Autoridades iranianas afirmaram neste domingo (5) que o país está finalizando um plano estratégico voltado a alterar a dinâmica de poder no golfo Pérsico.
Segundo declarações atribuídas à Marinha do Corpo da Guarda Revolucionária Islâmica, a proposta prevê uma reconfiguração do controle e do acesso ao estreito de Ormuz, considerado uma das principais rotas marítimas do mundo.

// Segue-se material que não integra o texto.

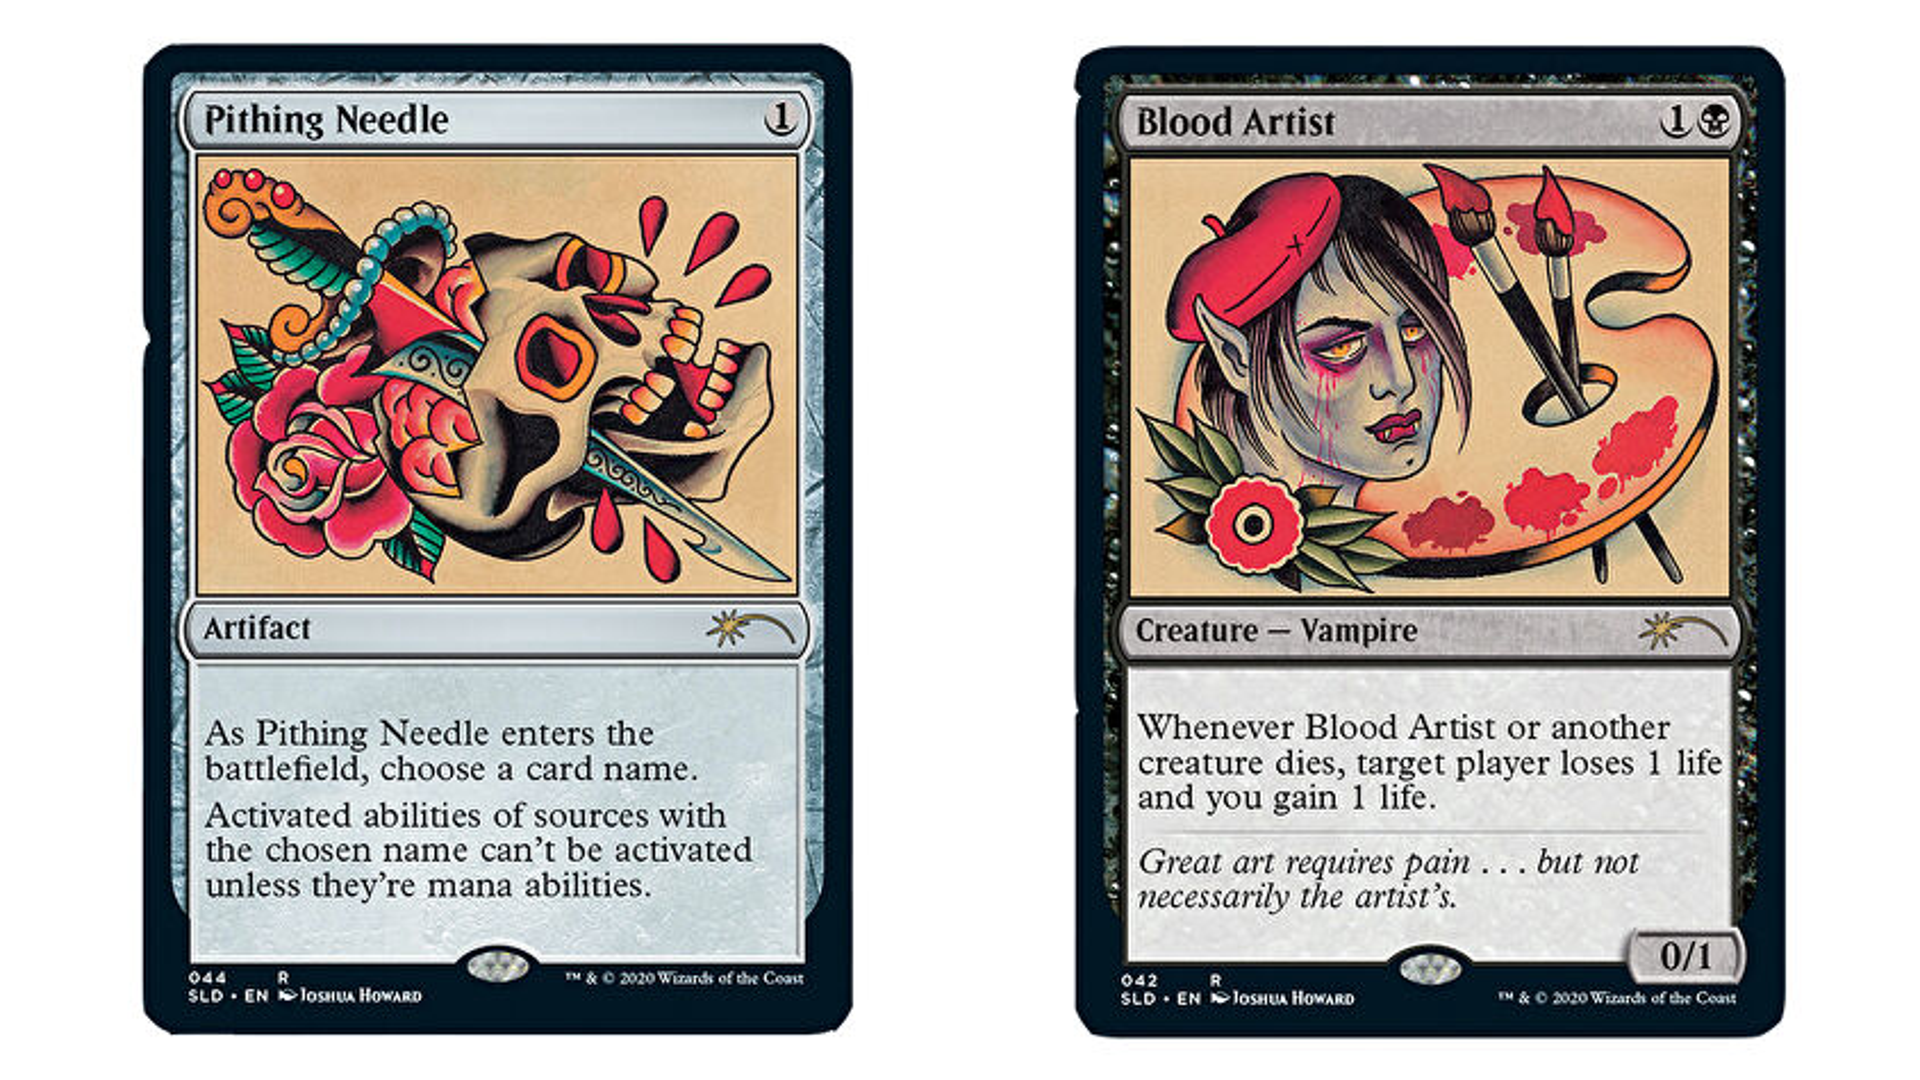 magic-the-gathering-secret-lair-summer-superdrop-tattoo-cards.jpg

No contexto do anúncio, foi afirmado que o estreito "nunca voltará a ser como antes", com menção direta a impactos para os Estados Unidos e Israel.
Fechado para navios inimigos
- Após a agressão de EUA e Israel, o Irã bloqueou quase completamente o Estreito de Ormuz, que conecta o Golfo Pérsico ao de Omã, e anunciou que não sairia da região "nem uma única gota de petróleo" por mar, o que disparou os preços dos combustíveis.

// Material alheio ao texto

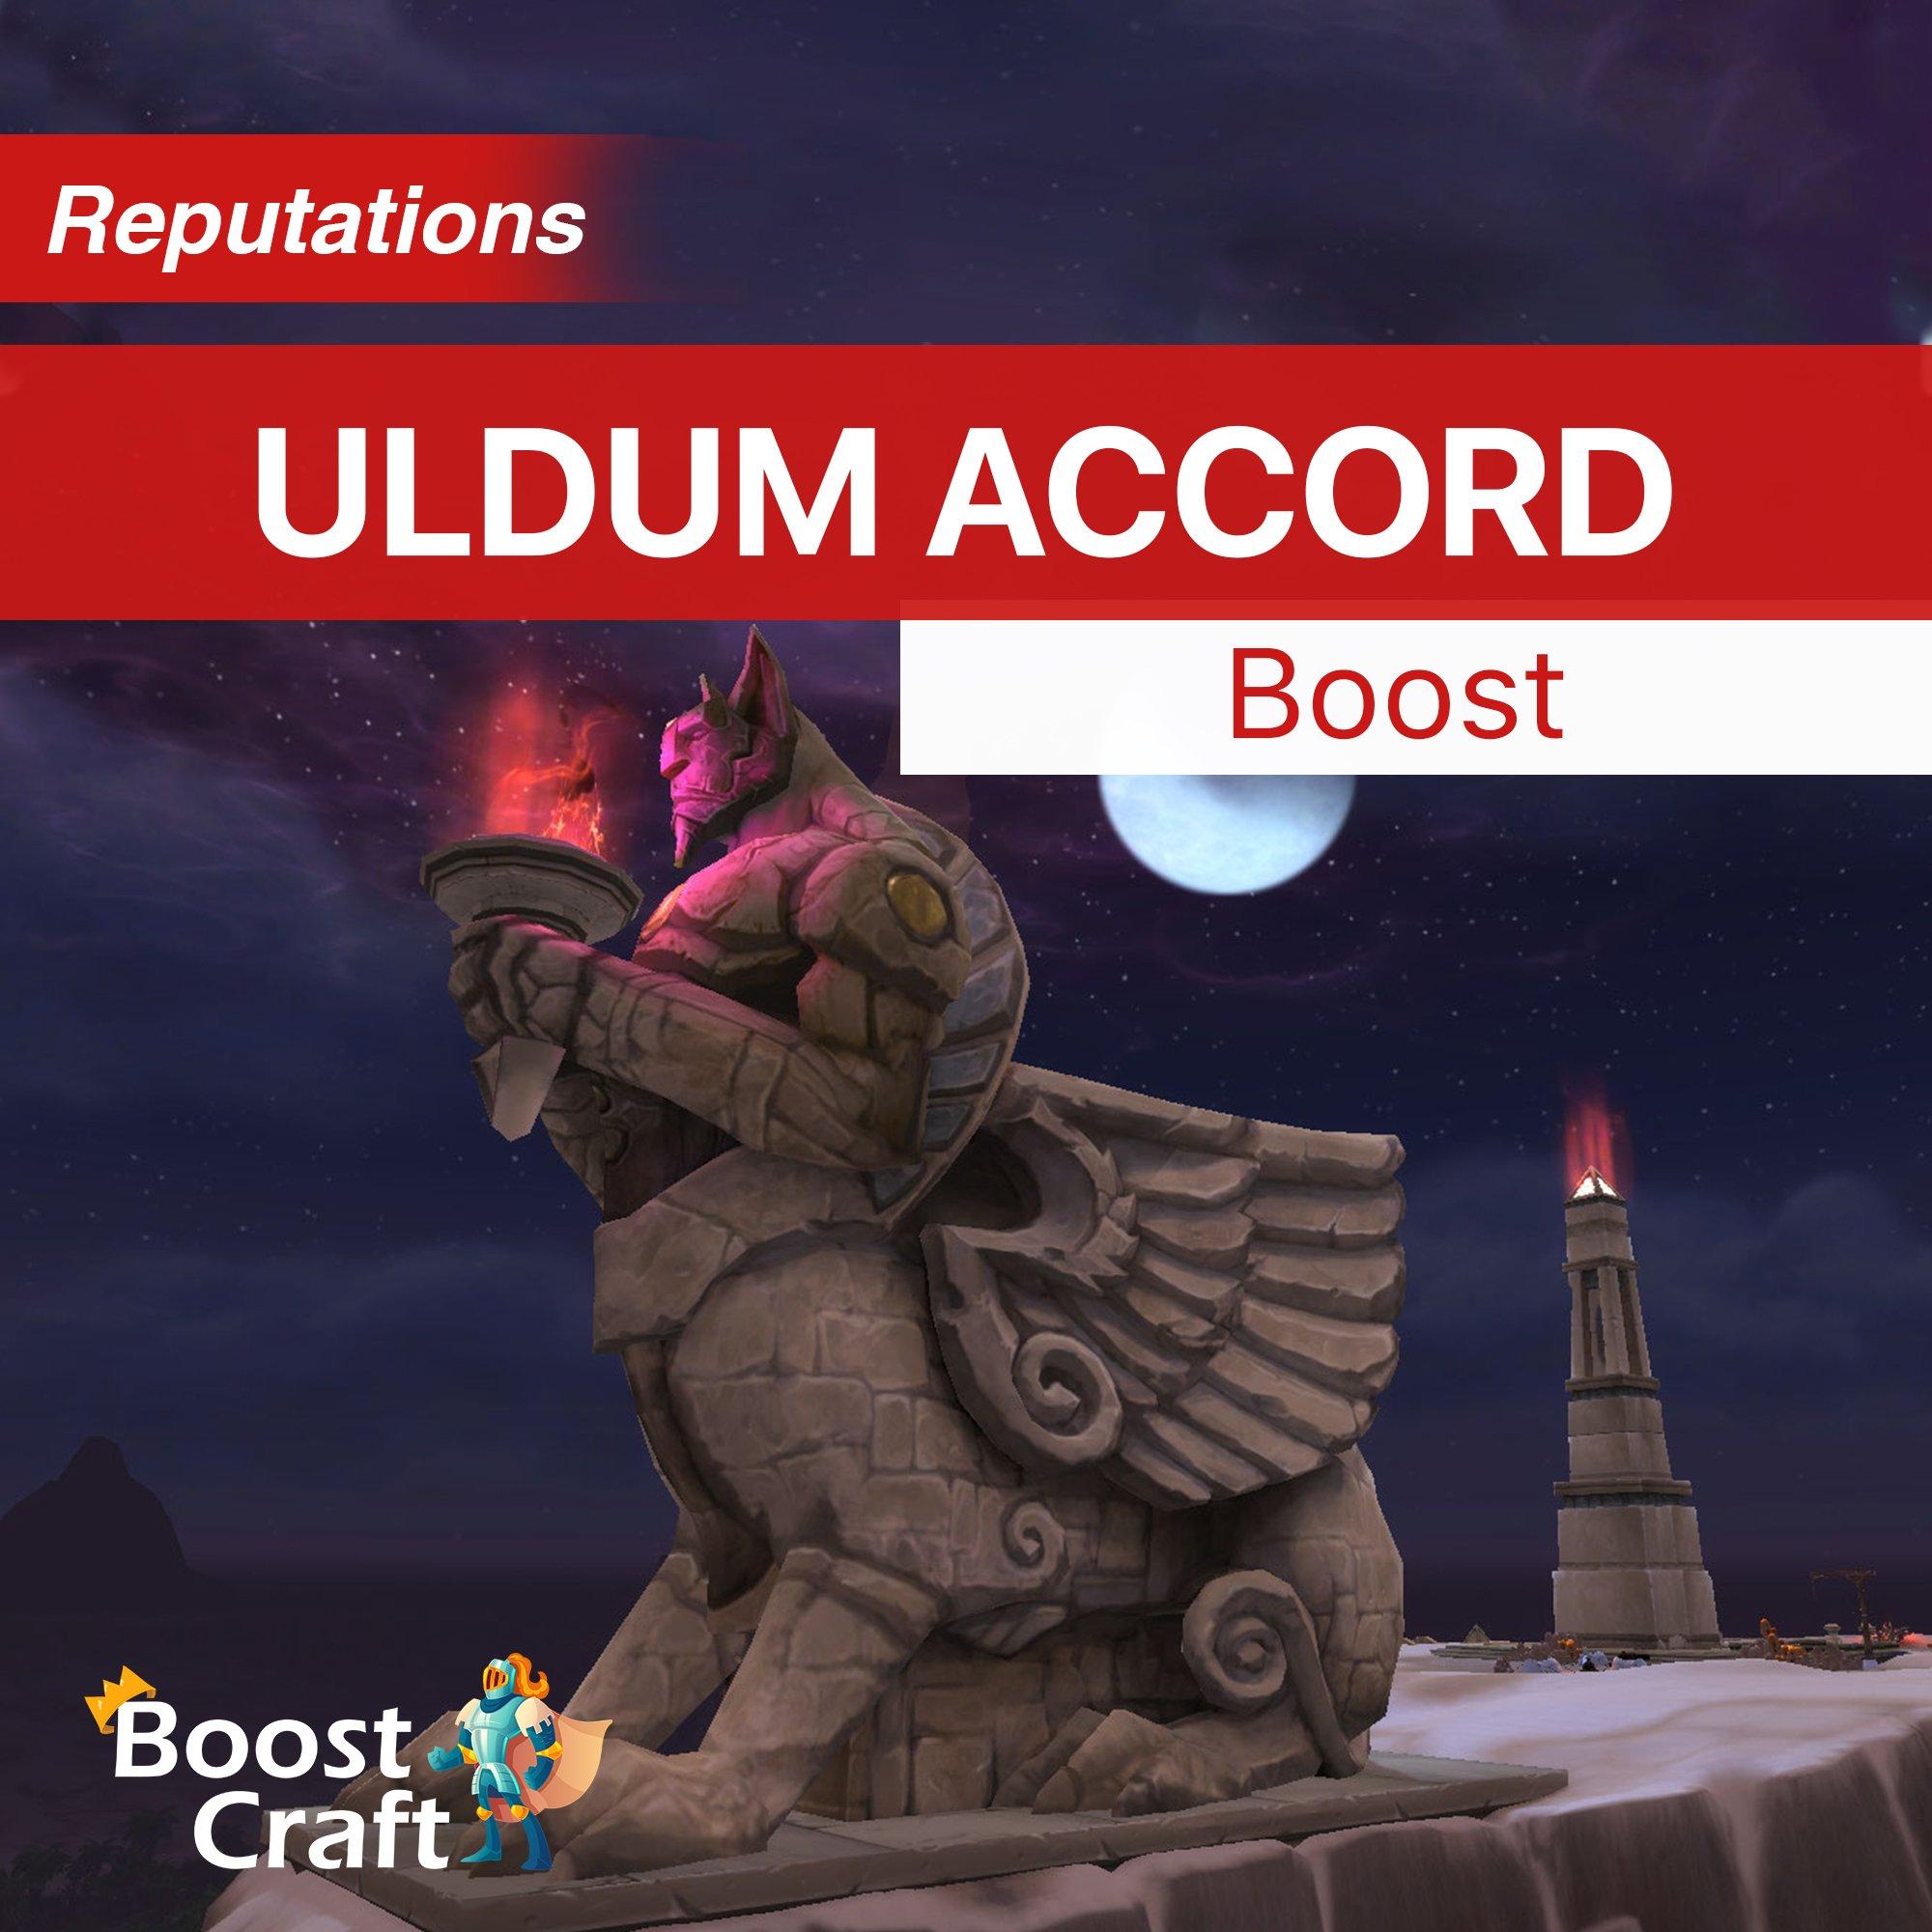 Uldum Accord – 8.3 Reputation Farm Service

- O Corpo da Guarda Revolucionária Islâmica (CGRI) reiterou no último dia 11 de março que os navios dos EUA e de seus parceiros não podem atravessar o estreito.
- O presidente dos EUA, Donald Trump, propôs criar uma coalizão naval para escoltar navios através dessa via. No entanto, vários dos países convidados — entre eles, os aliados dos EUA dentro da OTAN — descartaram o envio de forças militares para a zona do conflito.
- Por sua vez, o ministro das Relações Exteriores iraniano, Abbas Araghchi, garantiu que a passagem segue aberta e que só está fechada para os navios dos países inimigos. "A alguns países que consideramos amigos, permitimos a passagem pelo Estreito de Ormuz. Permitimos a passagem para a China, Rússia, Índia, Iraque e Paquistão", afirmou o chanceler. Segundo explicou, não há razão para permitir que seus inimigos transitem pela zona.